So I’m just going to do this: I’m not going to read any more terrifying pamphlets, and I’m not going to read any more books. I’m going to listen to my body and eat when and what it tells me to eat. It’s been doing a remarkably good job so far, and I actually lost eight pounds sometime between February and June. I literally can’t get enough fruit: pineapple, super-cold grapes, smoothies, strawberry-ginger-lemon kombucha. Sometimes I’ll want a steak, so I’ll eat one; I figure I need iron and protein. Other times, I’ll eat a gigantic bowl of kale sauteed with garlic, ginger and chile flakes in sesame oil, and nothing else, and chalk it up to my body asking for Vitamins A, C and K. If I smell brownies baking at the store and I want one, even though I almost never want brownies, I’ll go buy one, because research has shown that pregnant women who eat chocolate have happier babies. (This article prompted The Husband to go out and buy me a gigantic brick of dark chocolate.) When I want ice cream, I eat it; when I feel like taking a long walk and drinking a gallon of water, I do it.

My job right now is to eat well, and I’m up for it. With all of the awesome produce in our CSA boxes, I might even get around to writing about cooking again; last week we tried out tatsoi and garlic scapes, so stay tuned, though understand if I’m not posting, I’m probably sleeping (or irritably googling listeria + outbreak + deli meat).

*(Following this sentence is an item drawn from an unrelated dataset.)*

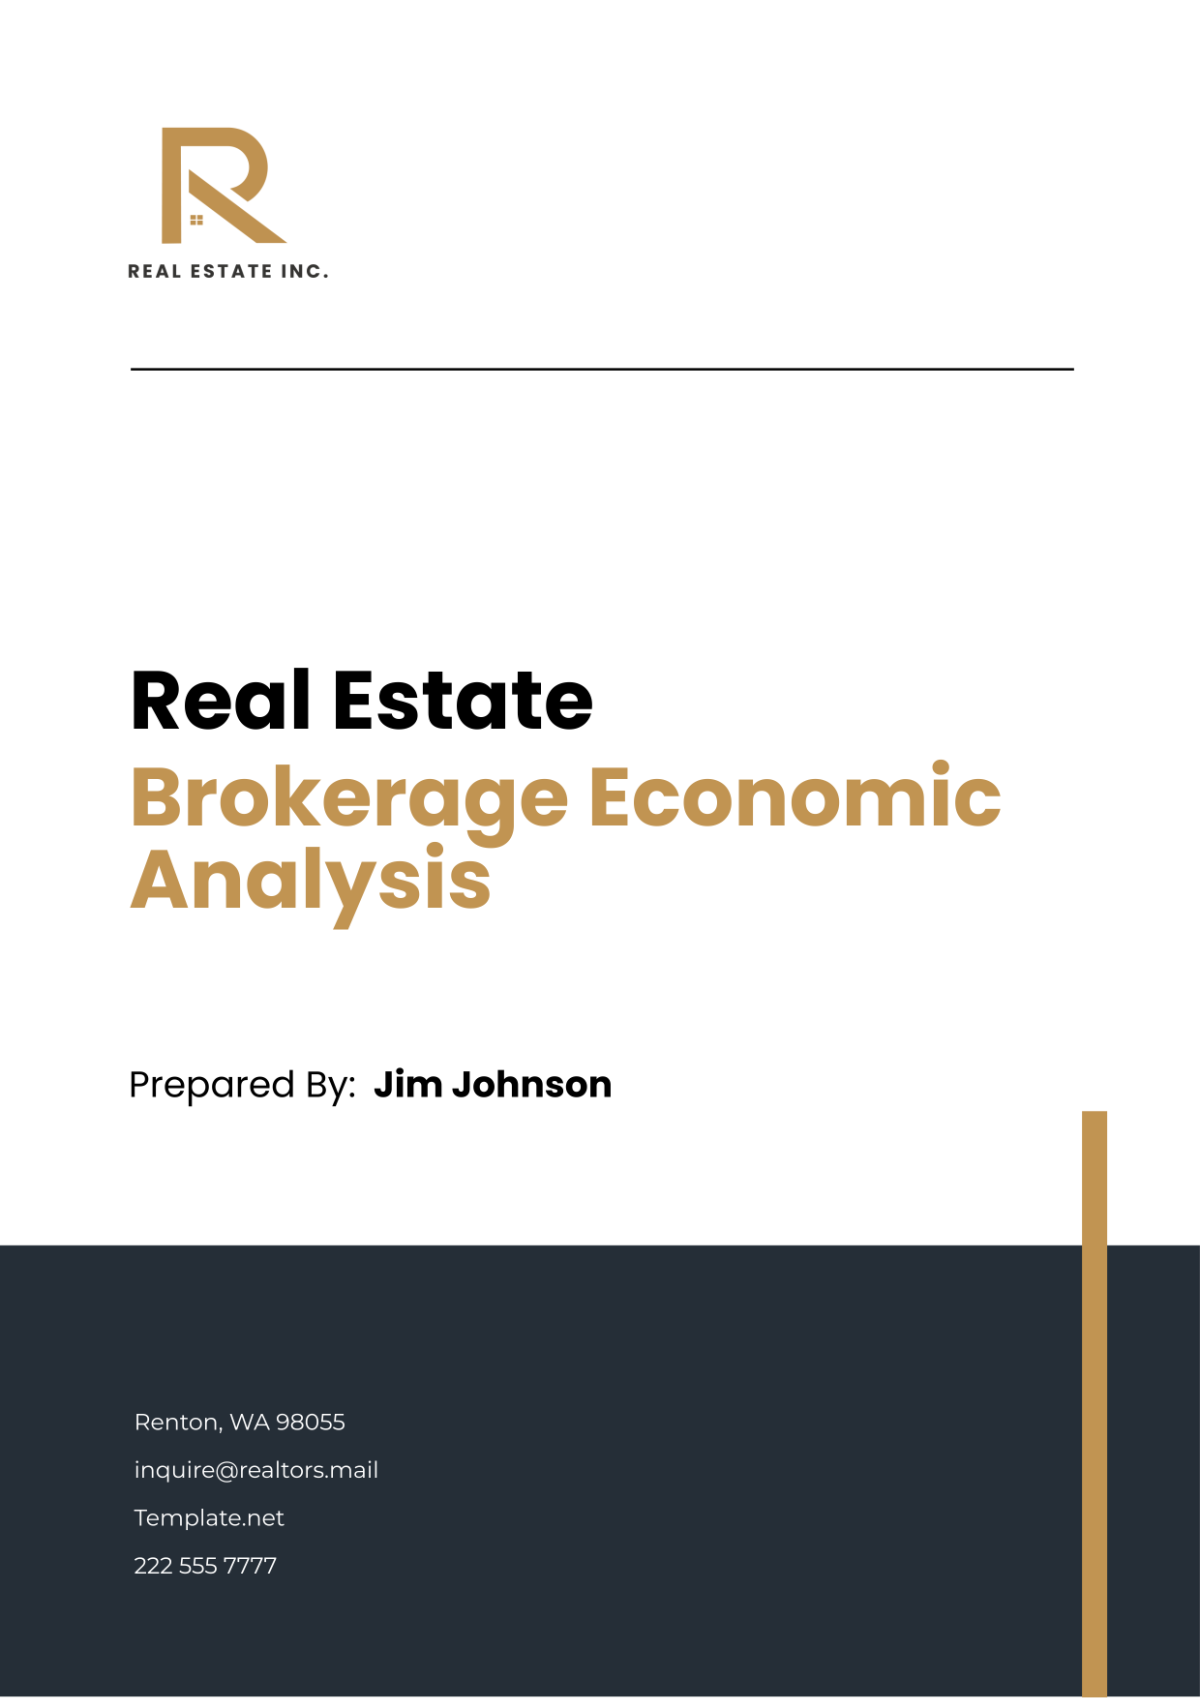 Free Real Estate Brokerage Economic Analysis Template

Now if you’ll excuse me, the doorbell’s ringing; my Thai food’s here.

  1. Great post, and thanks for the book reference. I think “science” or “doctors” have simplified the research into some basic over-reaching rules for the average person. And a lot of people can be prone to hysteria over making sure they are always doing what is absolutely best for their baby (nevermind for themselves). Some of the best advice I received was to avoid anything from restaurants and cafes that is under a heat lamp or sitting out in plain sight (ie, Subway). I’ve also tightened up my food handling at home, putting leftovers away asap and freezing them if I am not going to eat them the next day. Since I started doing this, I have had a lot fewer incidents of upset stomach, etc. But this should apply to everyone, not just the pregnant women. People seem to be happy to put up with food poisoning for some reason.

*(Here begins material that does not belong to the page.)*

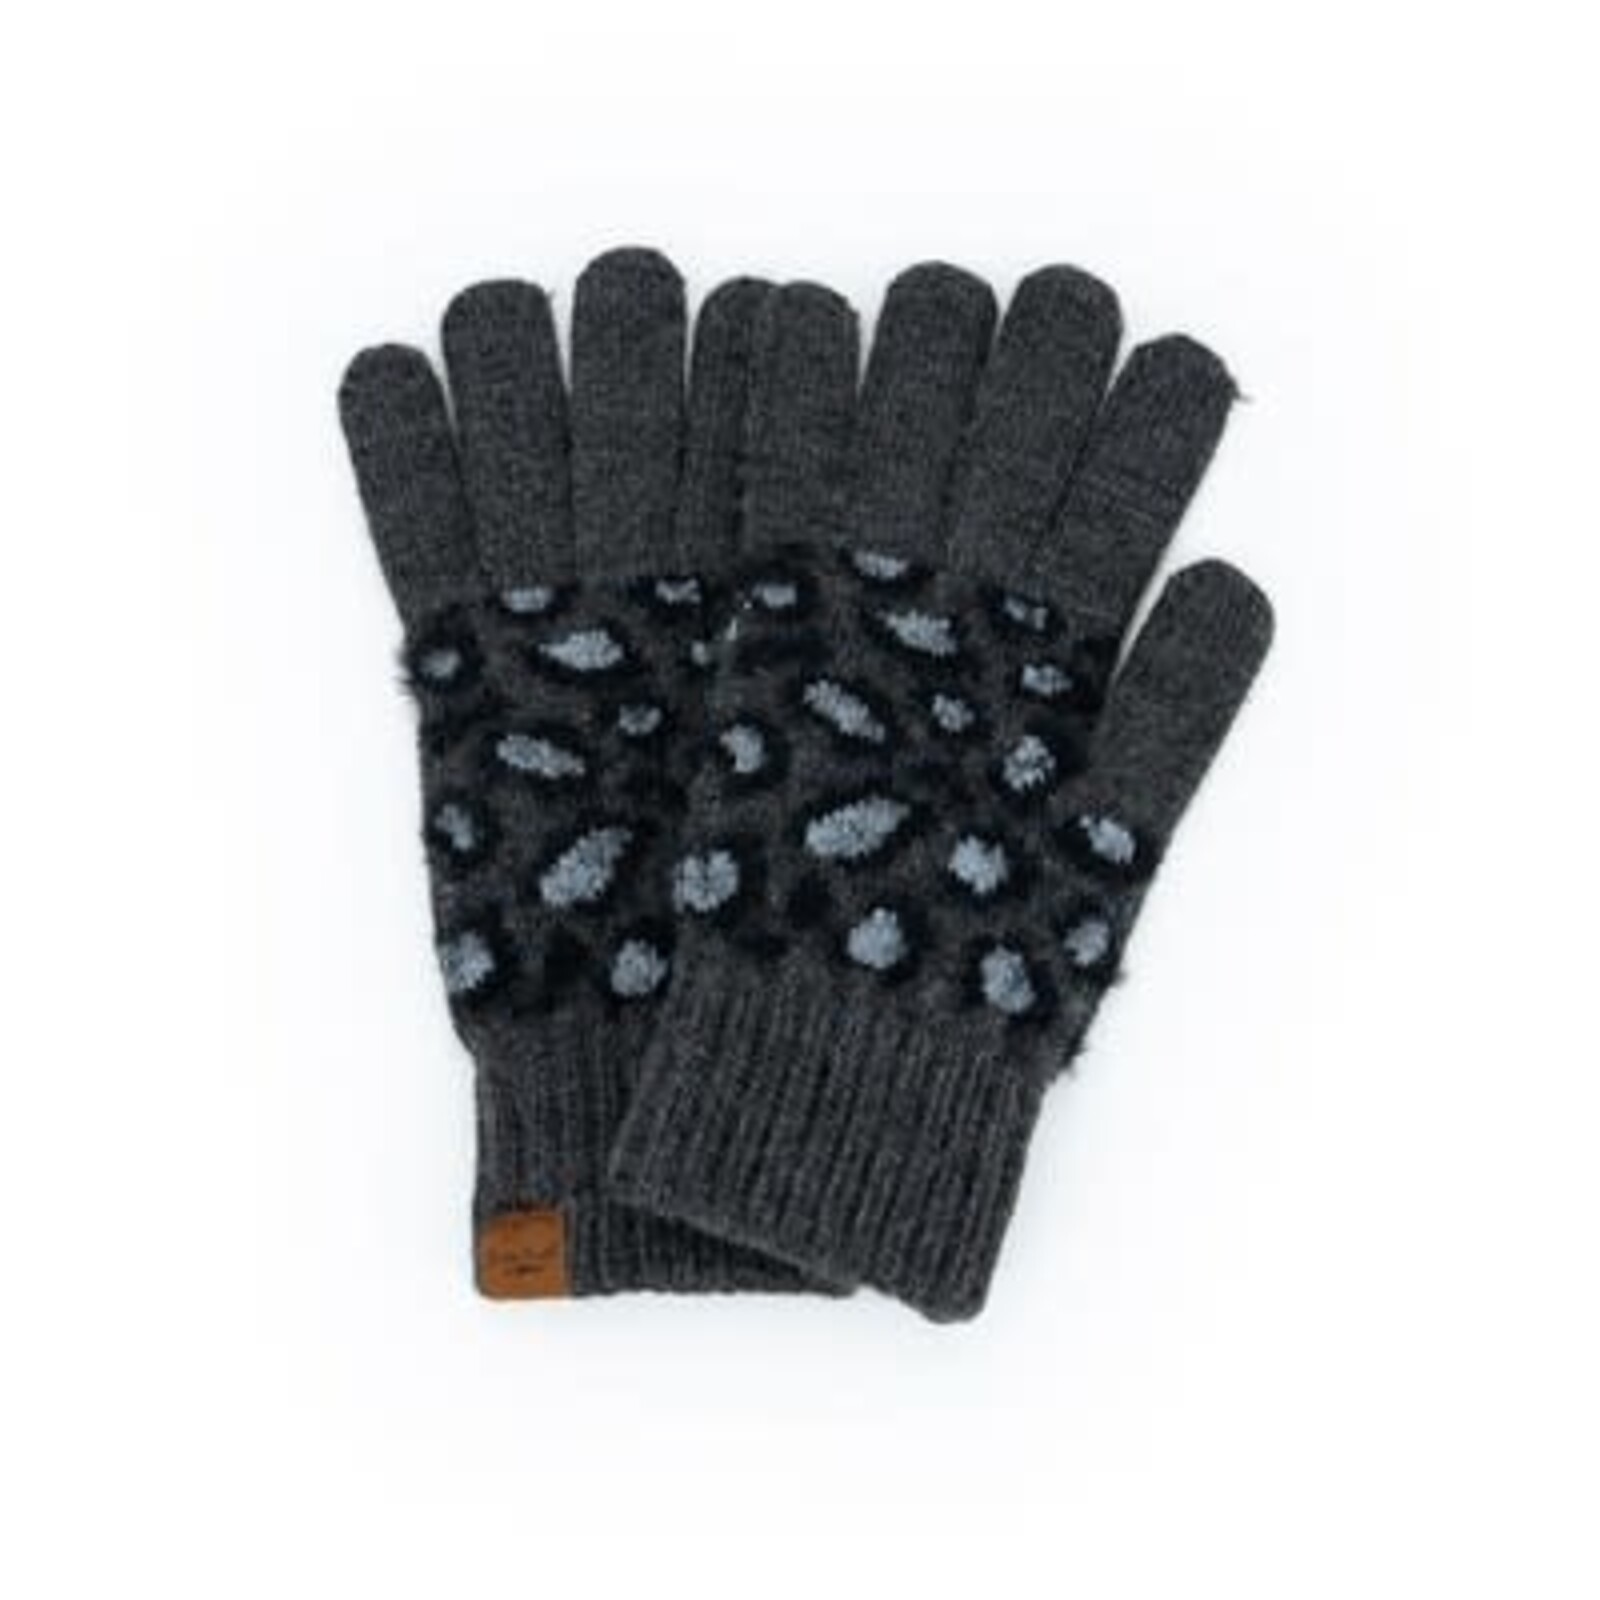 Britt's Knit's Britt's Knits Snow Leopard Gloves  BKSLGLV loading=

  2. I’m with you, Sunny. I did avoid sushi while pregnant – even though I felt like I could have eaten it if I really wanted to (seriously, what do you think pregnant women in Japan eat?). I also had a glass of wine every so often if I wanted one (though I did get ugly looks from waiters for that). For the most part I just let my body tell me what I needed and what I should avoid and tried to stay super hydrated all the time. I hope that you’re feeling good and enjoying the pregnancy!

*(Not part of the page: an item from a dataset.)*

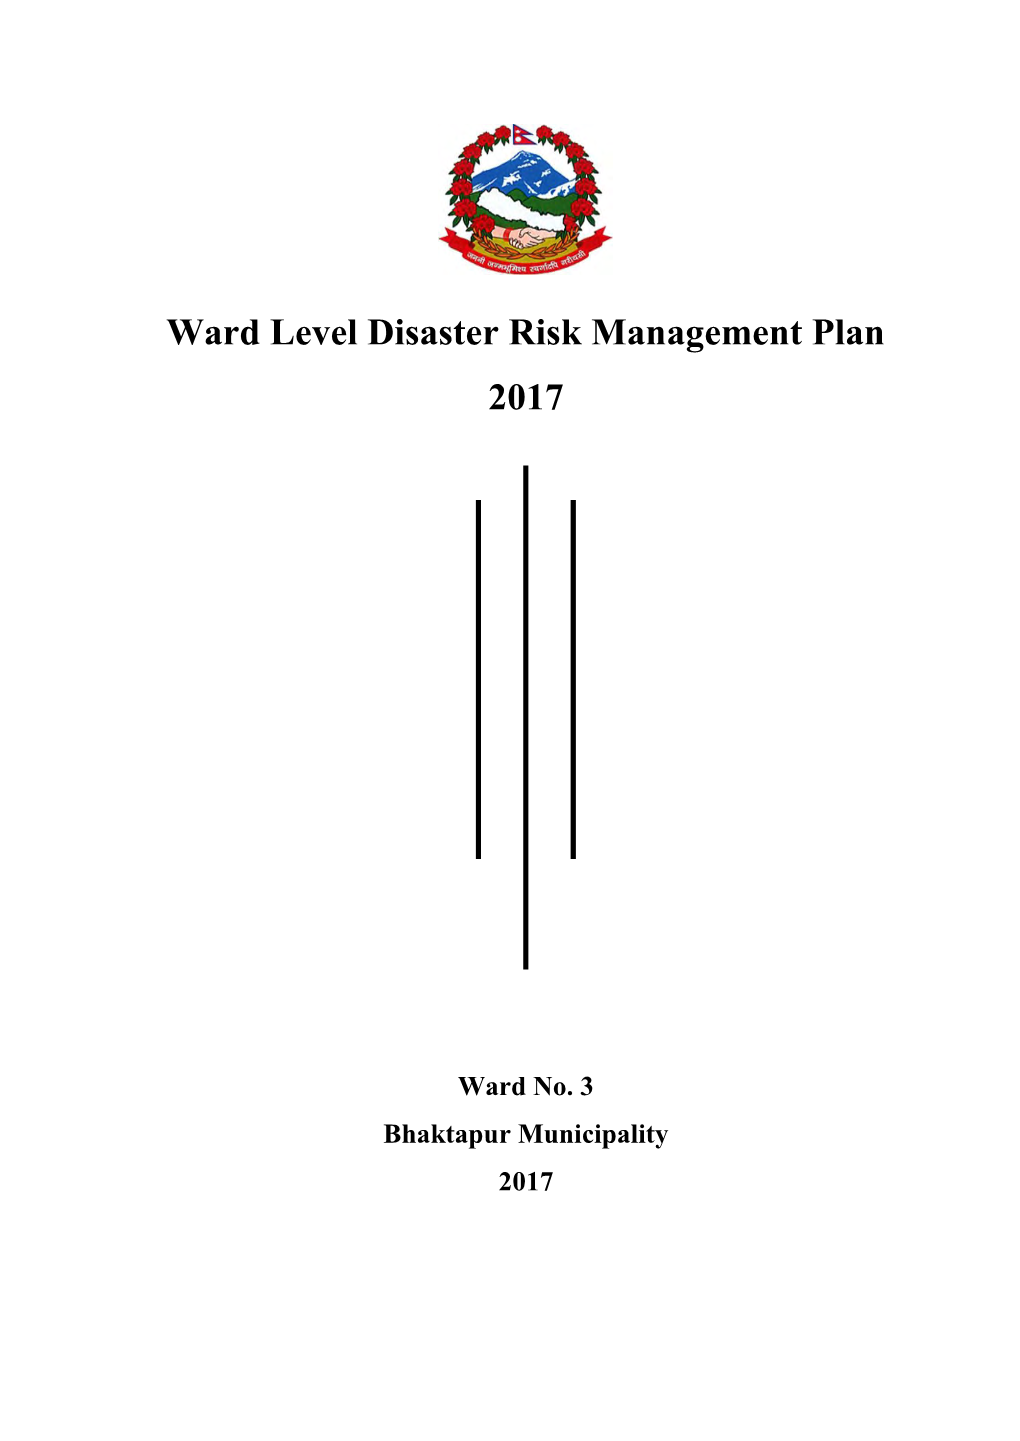 Ward Level Disaster Risk Management Plan 2017

  3. Sunny, I took some on your classes at Wholefoods and finally made it around to checking out your blog (took long enough). But none the less, CONGRATS, that is so exciting for you. I look forward to hearing what you learn and I hope your pregnancy goes well!

  4. […] pregnant but I ate a deli ham cuban sandwich (stop scaring pregnant women!) […]

  5. […] that someone searched for ‘def leppard hysteria listeria’ — word of my awesome anti-anti-raw-milk-cheese-paranoia song must’ve spread — and pleased that so many of the ingredients that puzzled me are […]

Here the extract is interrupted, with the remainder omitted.